Assignment:
From the very first line of the data to the line containing "When we are older", retype everything exactly, leaving the pictures behind.

Given material:
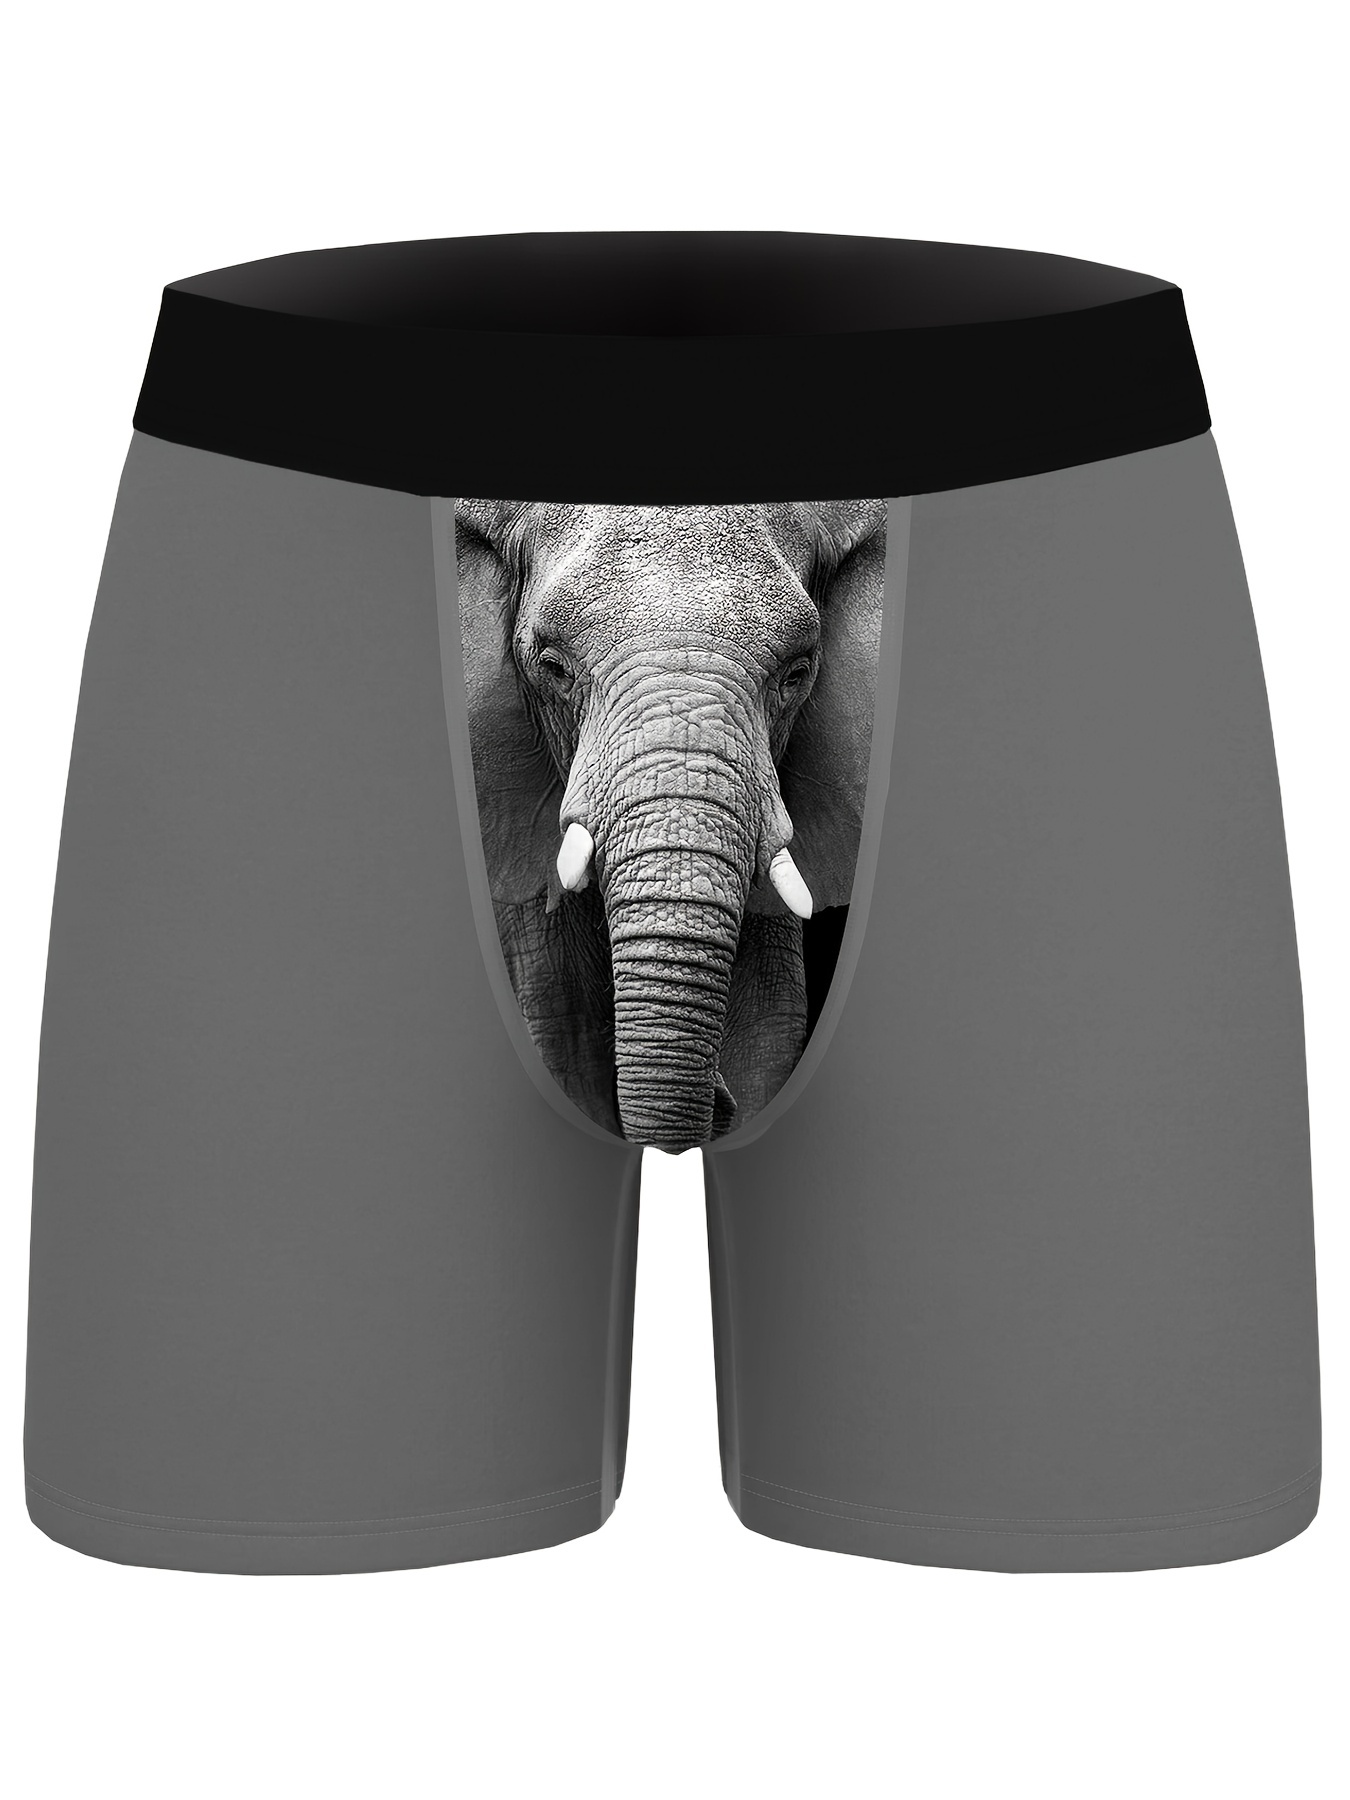 Men's fashion Sexy Elephant Nose Shape Cotton Penis Exposure Comfortable  Boxers Briefs, Solid Color Underwear With Separation Pouch For Teen Men
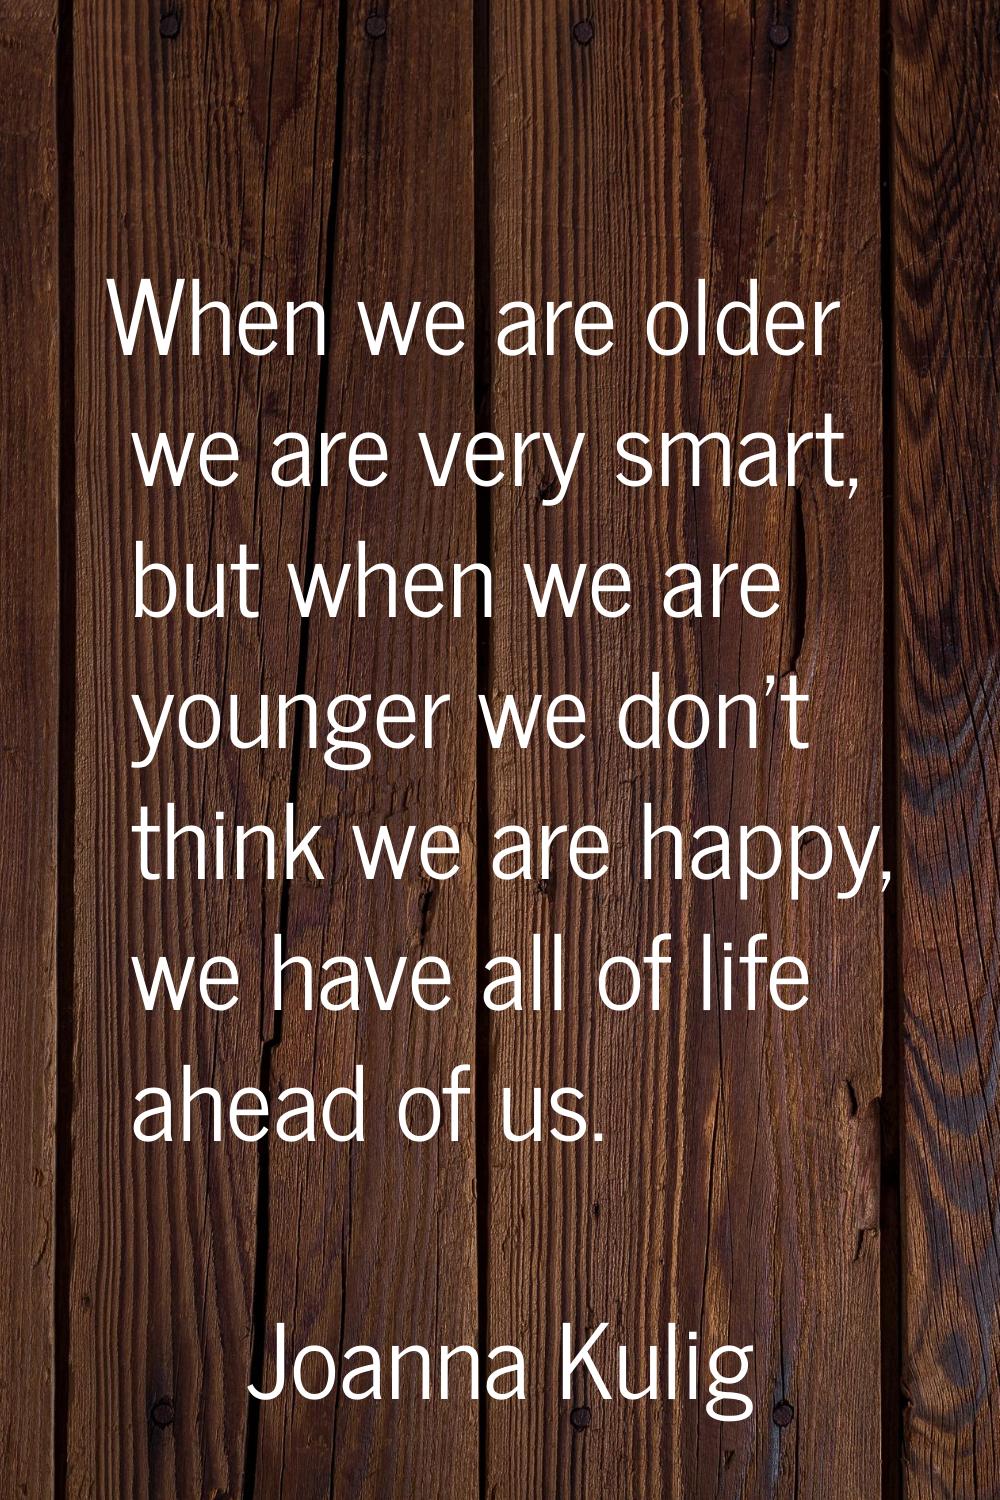 When we are older we are very smart, but when we are younger we don't think we are happy, we have a
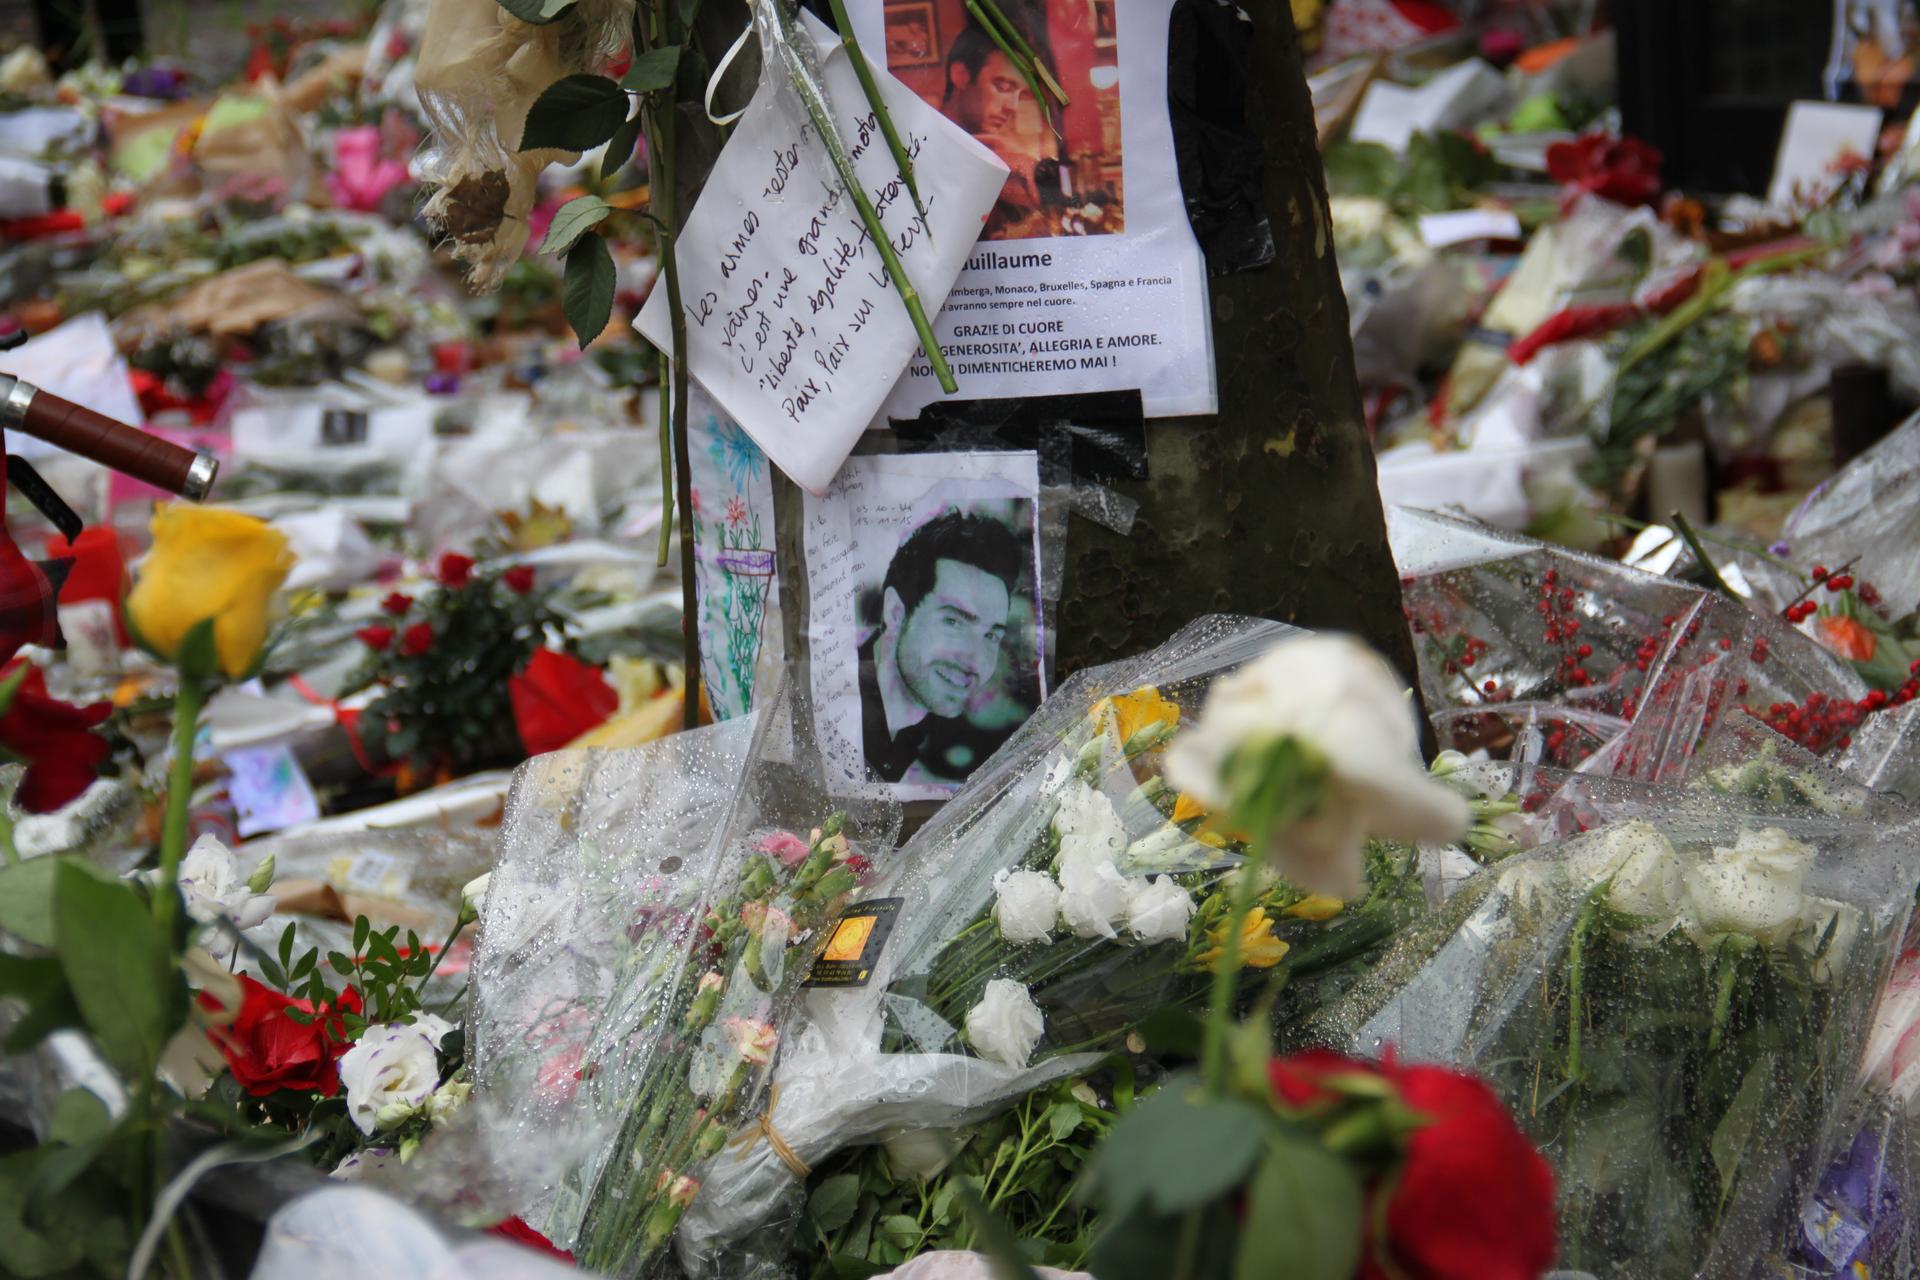 The patio in Paris where cafegoers were shot dead on November 13 is now a sea of bouquets, notes and photos of victims.
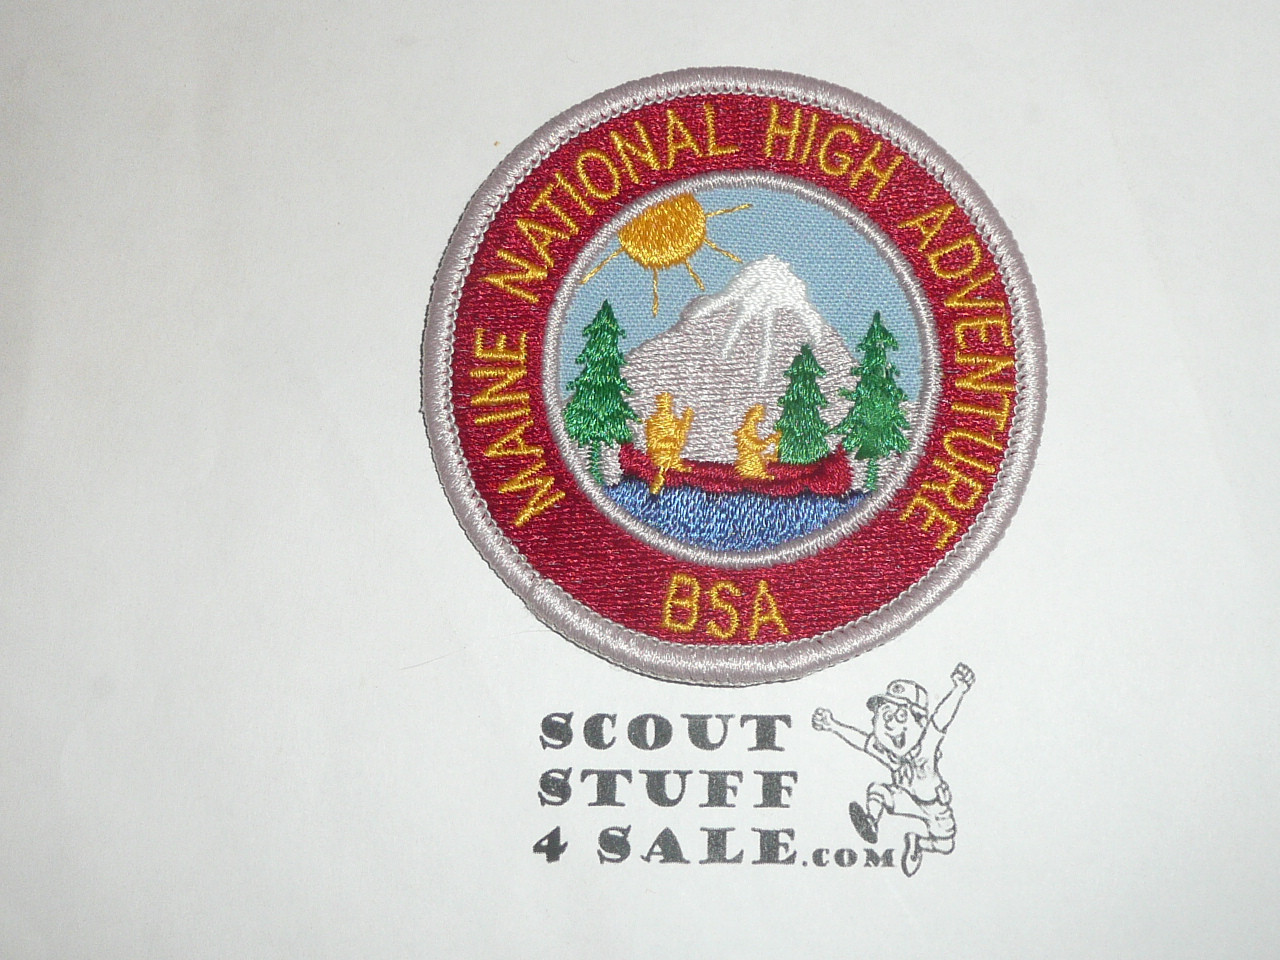 Maine National High Adventure Area 20th Anniversary Patch, 1990, #2

Exercise solution:
 Men's fashion Sexy Elephant Nose Shape Cotton Penis Exposure Comfortable  Boxers Briefs, Solid Color Underwear With Separation Pouch For Teen Men
 When we are older we are very smart, but when we are younger we don't think we are happy, we have a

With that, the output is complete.